Yıl 1969. Bir cumartesi sabahı.
Yer
Strasbourg Üniversitesi'nin
Esplanade'daki bir sınıfı.
İlk derste profesör, odadaki doktora öğrencilerine
- hangi ülkelerden olduklarını - soruyor.
Çoğunluk
Alsace kökenli
Fransız.
Sıra
Türk öğrencilerine geliyor.
"Neredensiniz?""Türkiye'den?"
"Türksünüz, Müslümansınız demek!"
"Evet."
"Burada doktorayı bitirdikten sonra herhalde Türkiye'ye dönünce Başbakan olursunuz."
Bunu söylerken sesinde ve dudaklarında alaycı bir gülüş beliriyor...
Tokat gibi
Genç
Türk'ten önce, hemen yanındaki bir başka öğrenci söze giriyor.
"Burada doktorayı tamamlayanlara - Başbakan olacak -
diye garanti sertifikası da mı veriyorsunuz?
Doktoramı bitirdim diye ben de Fransa Başbakanı mı olacağım?"
Profesörün gülümseyişi yüzünde donuyor.
Soruyor:
"Siz nereyi bitirdiniz?"
"Strasbourg Üniversitesi İktisat Fakültesi'ni..."
"Siz doktoranızı tamamladıktan sonra isterseniz kariyerinizde ilerlersiniz. Ama Türk arkadaşınız ülkesine döner ve Başbakan olur."
"Aradaki fark neden?
"Farkı bir soruyla ortaya koyayım.
Siz - az gelişmişlik -
nedir biliyorsunuzdur herhalde değil mi?"
"Evet iyi biliyorum. Şu an karşımızda profesör unvanlı kaba bir - az gelişmişlik -
örneği var."
Bu son kelimelerin her biri adeta tokattır.
Önce bir sessizlik...
Sonra öğrencilerden alkış patlaması...
Profesör, birkaç dakika taş gibi olduğu yerde çakılıp kalır.
Sonra...
Hiçbir şey söylemeden odayı terkeder, bir daha da gelmez.

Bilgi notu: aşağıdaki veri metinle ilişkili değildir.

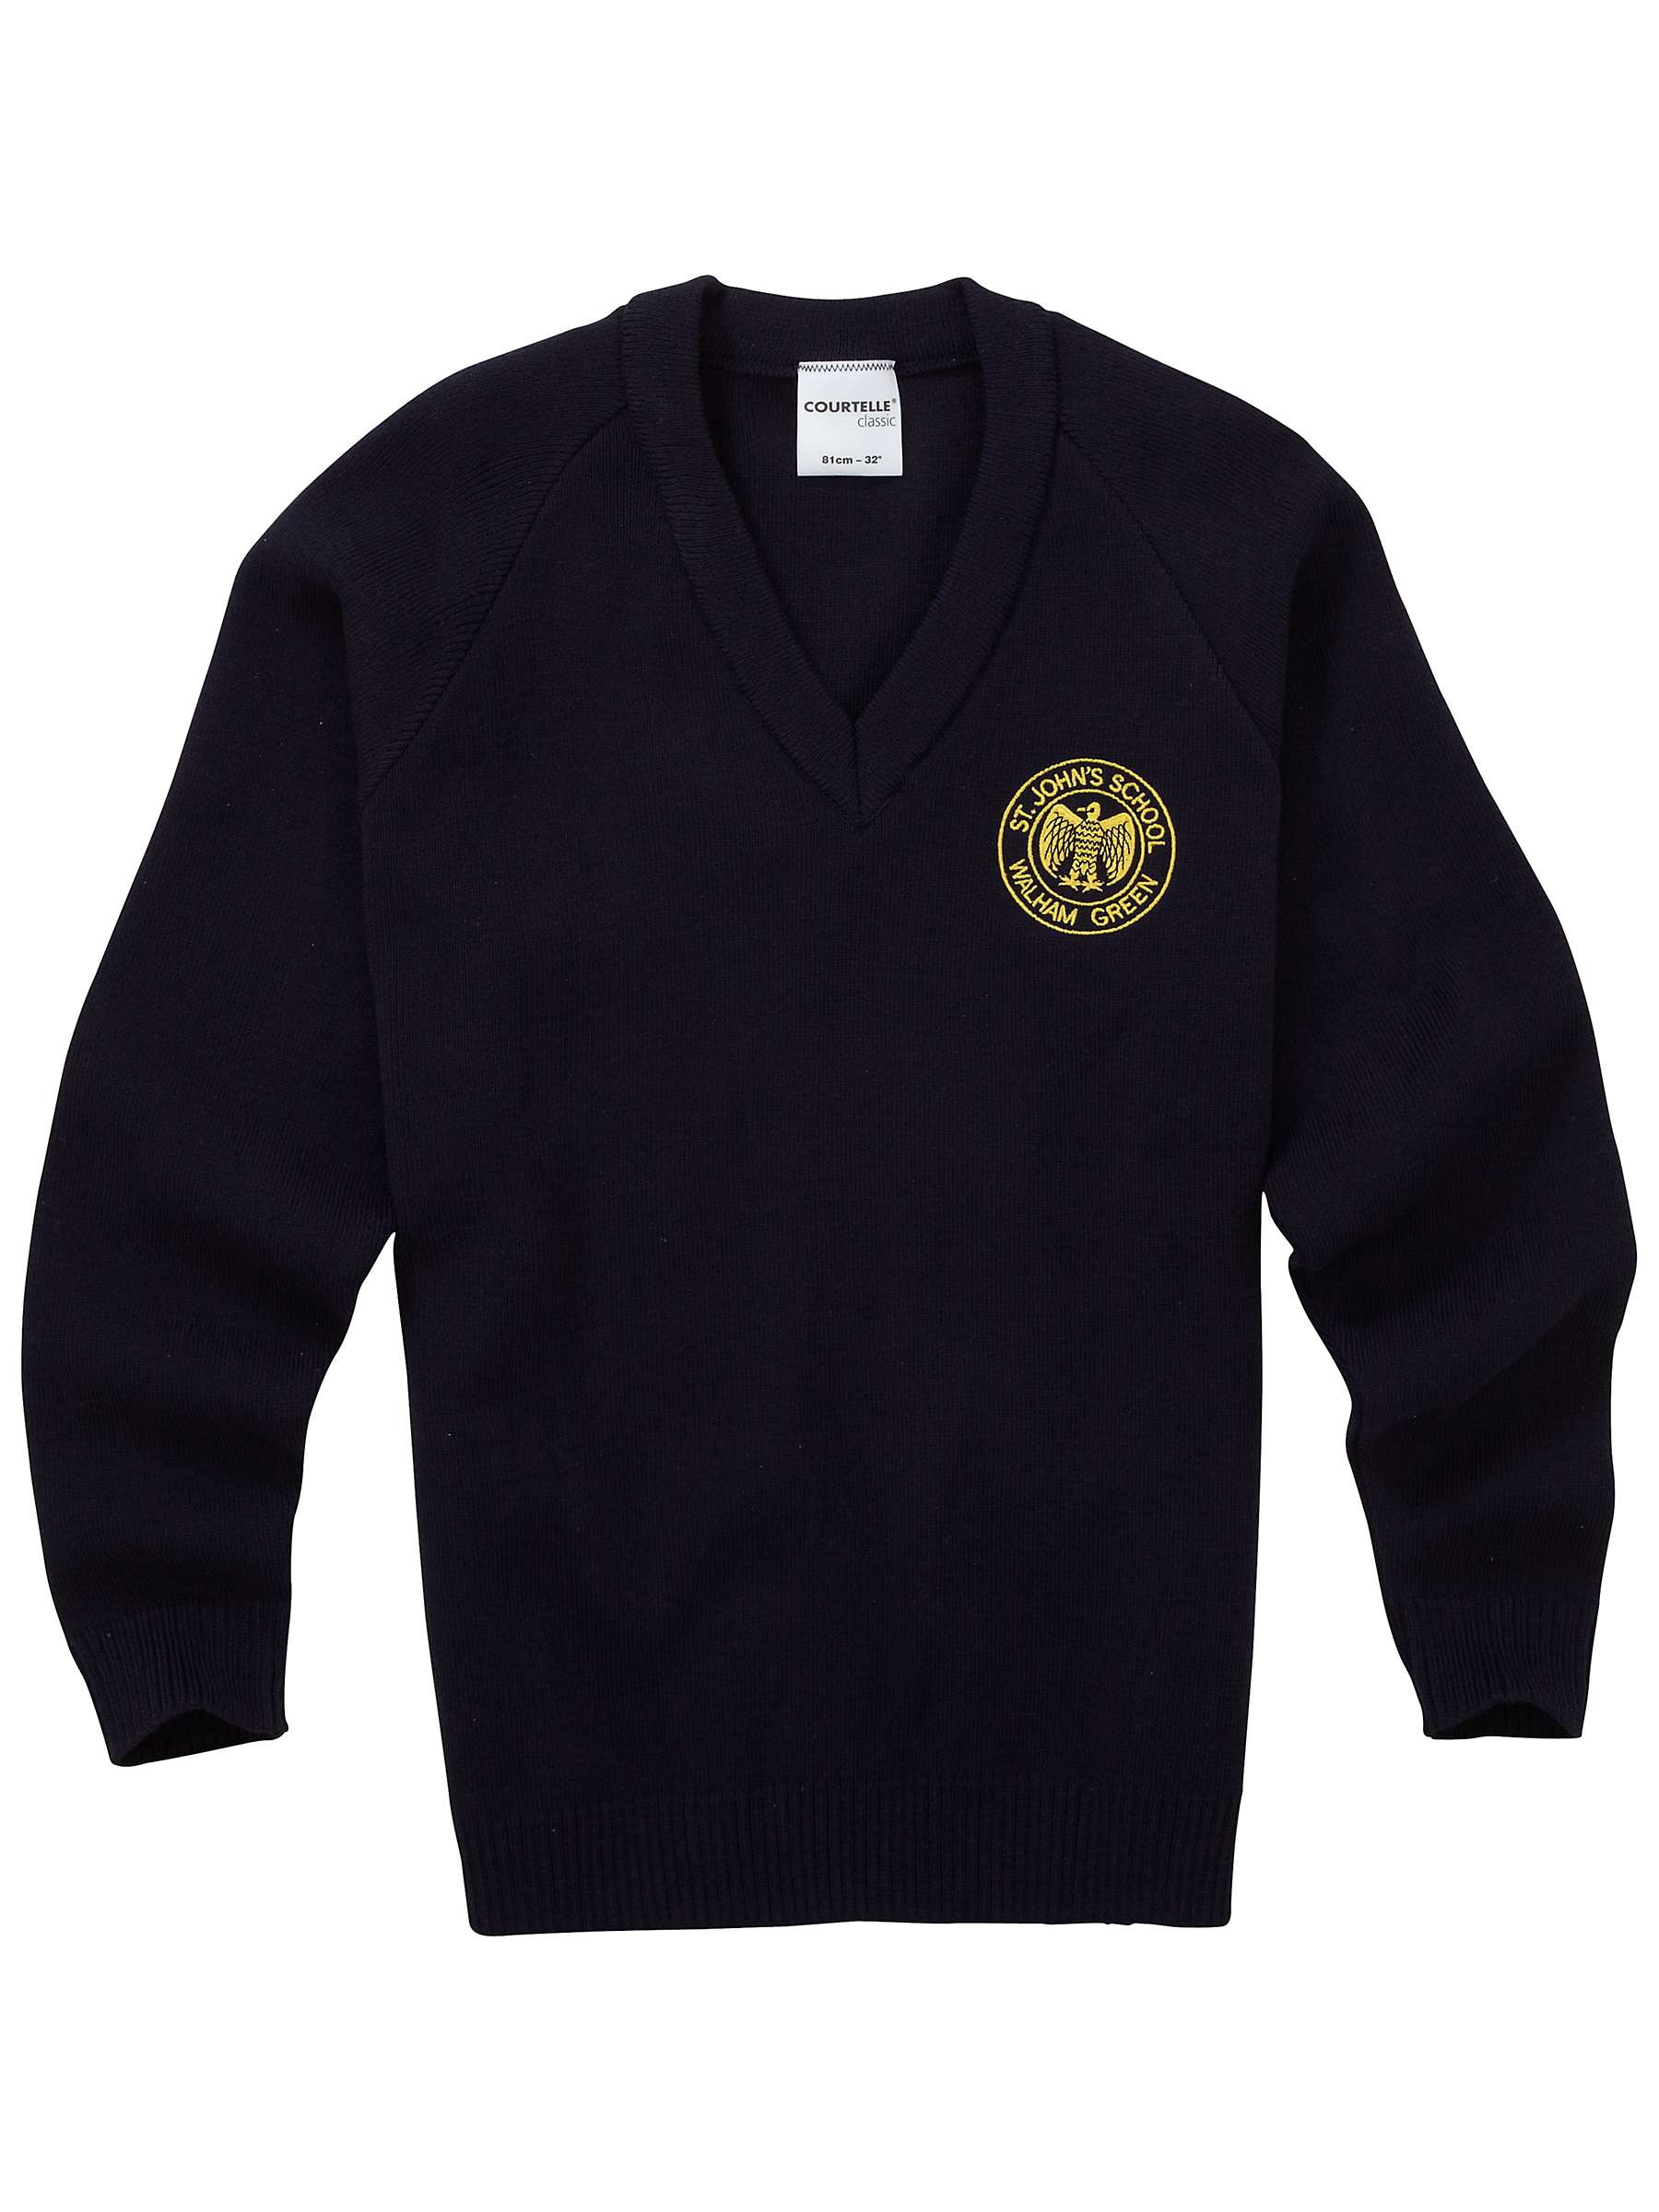 Buy St John's Walham Green CE Primary School Boys' Pullover, Navy Online at johnlewis.com
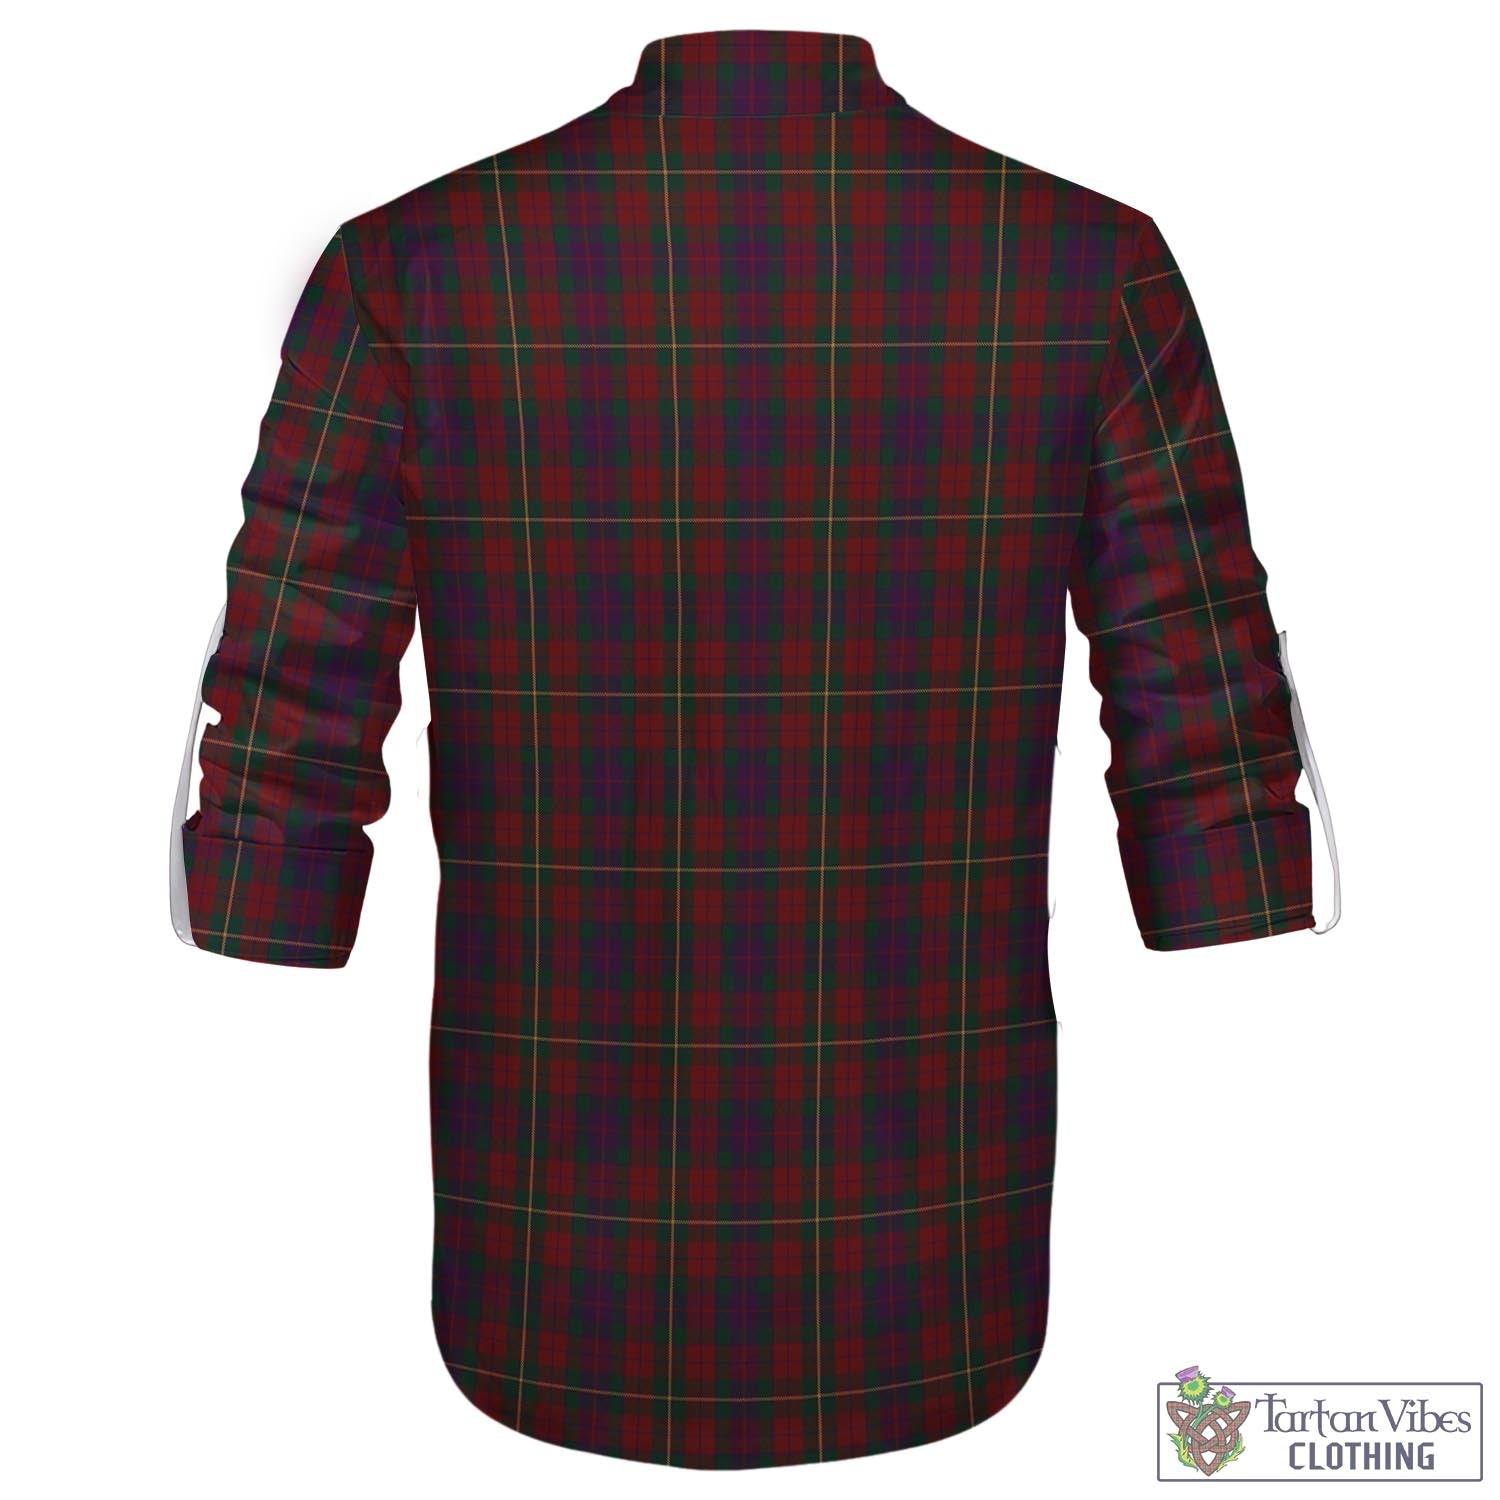 Tartan Vibes Clothing Clare County Ireland Tartan Men's Scottish Traditional Jacobite Ghillie Kilt Shirt

İzleyen günlerde, o dersi okutmak için sınıfa başka bir profesör verilir.
Kötü ruhları kovmak
AB için uzun ince yol boyunca,
Türkiye'ye her dışlamada, her küstah söylem ve eylemde yıllarca o profesörü anımsamışımdır.
Ama...
Profesöre sınıfı terkettiren insanlık değerlerine sahip cesur öğrenci ve onu alkışlayan diğerleri ise
"umudum" olmuştur.
Irkçılığı, din ayrımını simgeleyen profesörü sınıftan
"kötü bir ruh" gibi kovmuşlardı.
Avrupa'nın yükselen kültürü üzerinde de,
Haçlı ve
Nazi kalıntısı
ırk ve
din ayırımcı zihniyet, daha uzun süre baskı oluşturmazdı.
Aradan
30 yıl geçti.
Şu satırları gene bir cumartesi sabahı,
Fransa'ya uçarken yazıyorum.
Türkiye'nin
Avrupalılığı'nın tanındığı ve
AB'ye aday ülke ilan edildiği sabahın ilk
Avrupa yolcuları arasında olmak çok güzel bir duygu.
Yıllarca
Türkiye'yi
"HAYIR" dayatmasıyla dışlayan ve
AB'yi
Hıristiyan Kulübü gibi gören karşımızdaki az gelişmişlik örnekleri artık aşılmakta.
Yeni bir Türkiye
Elbette hiçbir şey, sanıldığı kadar kötü, umulduğu kadar da iyi değildir.
O nedenle...
Abartılmış sevinç dalgaları, önümüzdeki zorlu yolları görmemizi engellemesin.
Ama şimdi
kerhen ve
lutfen değil, özel temsilciler gönderilerek ve yazılı güvenceler verilerek, tam üyeliğe adaylığı kabul etmesi sağlanan
Türkiye, artık
farklı bir psikolojik ortamda.
Bu aşamaya kadar inisiyatif
Avrupa'nındı.
Her şeyin umulduğu kadar iyi ve öne alınmış bir takvimle oluşması bizim elimizde.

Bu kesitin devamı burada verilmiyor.